The results when calculating the total attenuation are unbiased with very low average errors for the CB and rodent phantoms. The reason for the higher standard deviation for the rodent phantom is likely due to the total attenuation being very small at the interface between the water and the phantom. This will register a high percentage error while the absolute error is less than 0.01 dB/MHz for points very close to the water boundary. Due to the inaccurate AS estimates of the CA phantom occurring at the boundary between layers, the total attenuation is underestimated beginning at 11 mm. At depths below the boundary, the total attenuation increases at the correct rate; however, due to the low AS estimates at the boundary, the total attenuation is still underestimated.

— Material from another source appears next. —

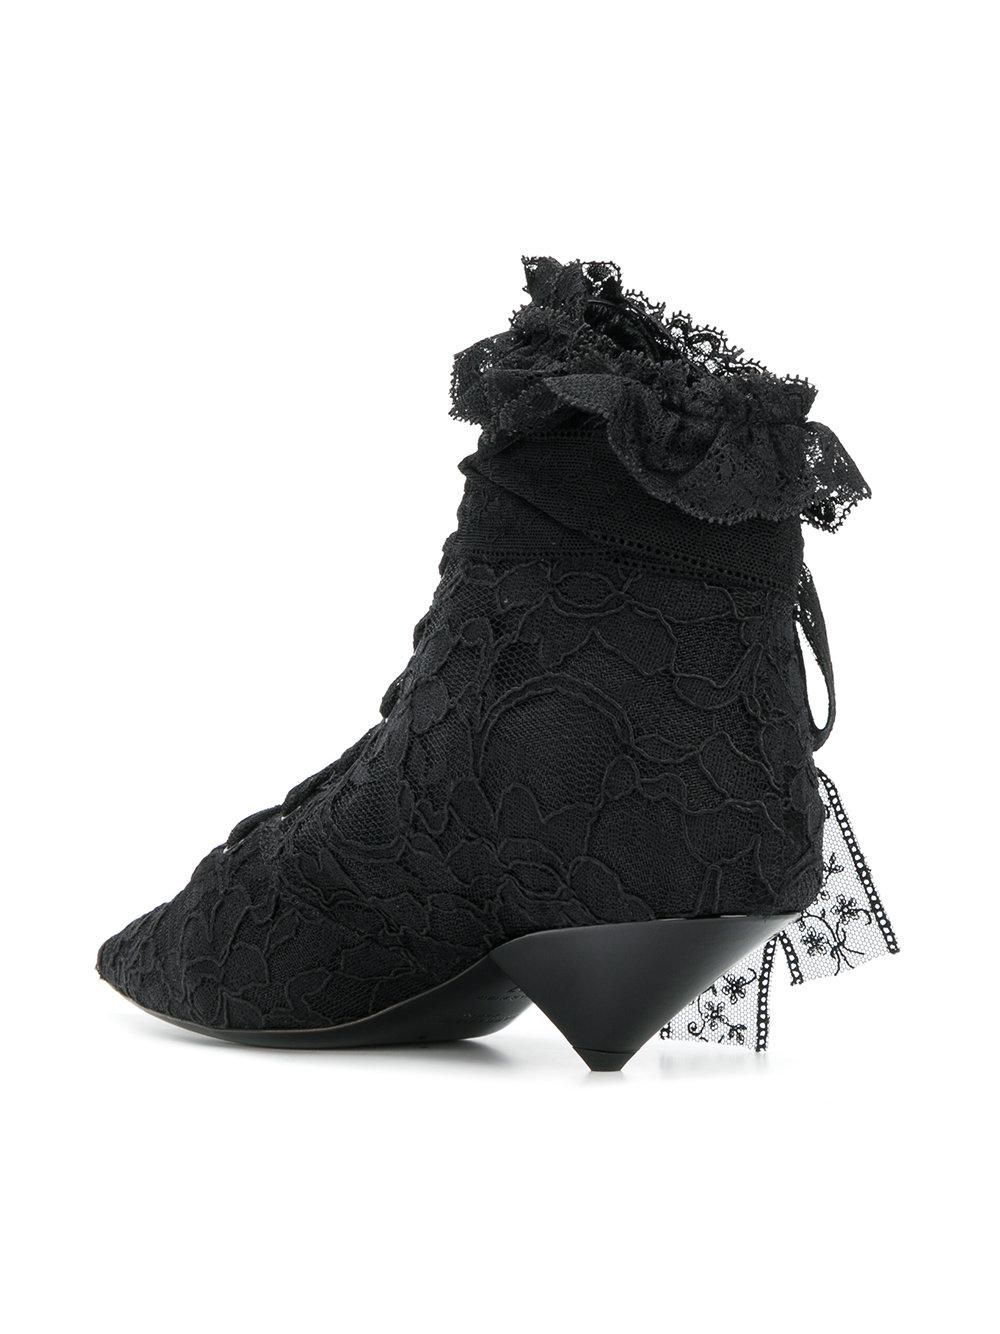 29af73a6f91 Saint Laurent Blaze 45 Lace Ankle Boots in Black - Lyst
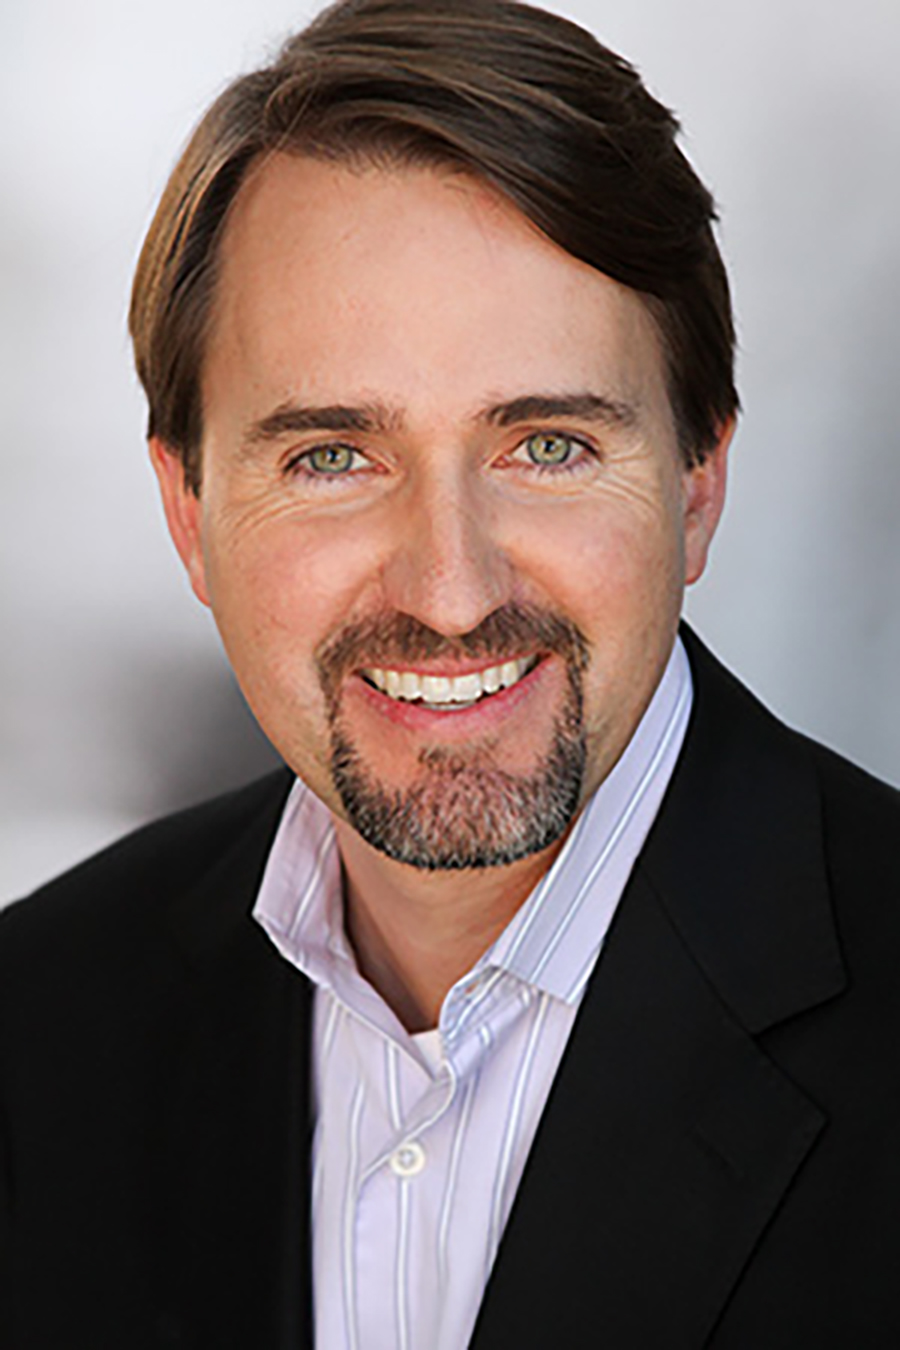 Carey J. Nease, MD

The AS images presented show clearly defined regions of differing attenuation in all of the samples shown. The values are in good quantitative agreement with the known values for the phantoms with the percentage error of the mean values never exceeding 6.3% in all cases except for the rodent phantom background, which had an error of 13.7%. The estimates obtained from the MAT tumor differed by 16.4% from independent laboratory measurements made for this type of tumor (and shown in Table 1). These spatial maps are also useful for determining the total attenuation values needed to compensate for attenuation when calculating the BSC. Hence, the attenuation images can serve the dual purpose of quantitative imaging and providing an accurate method of attenuation compensation for BSC calculations.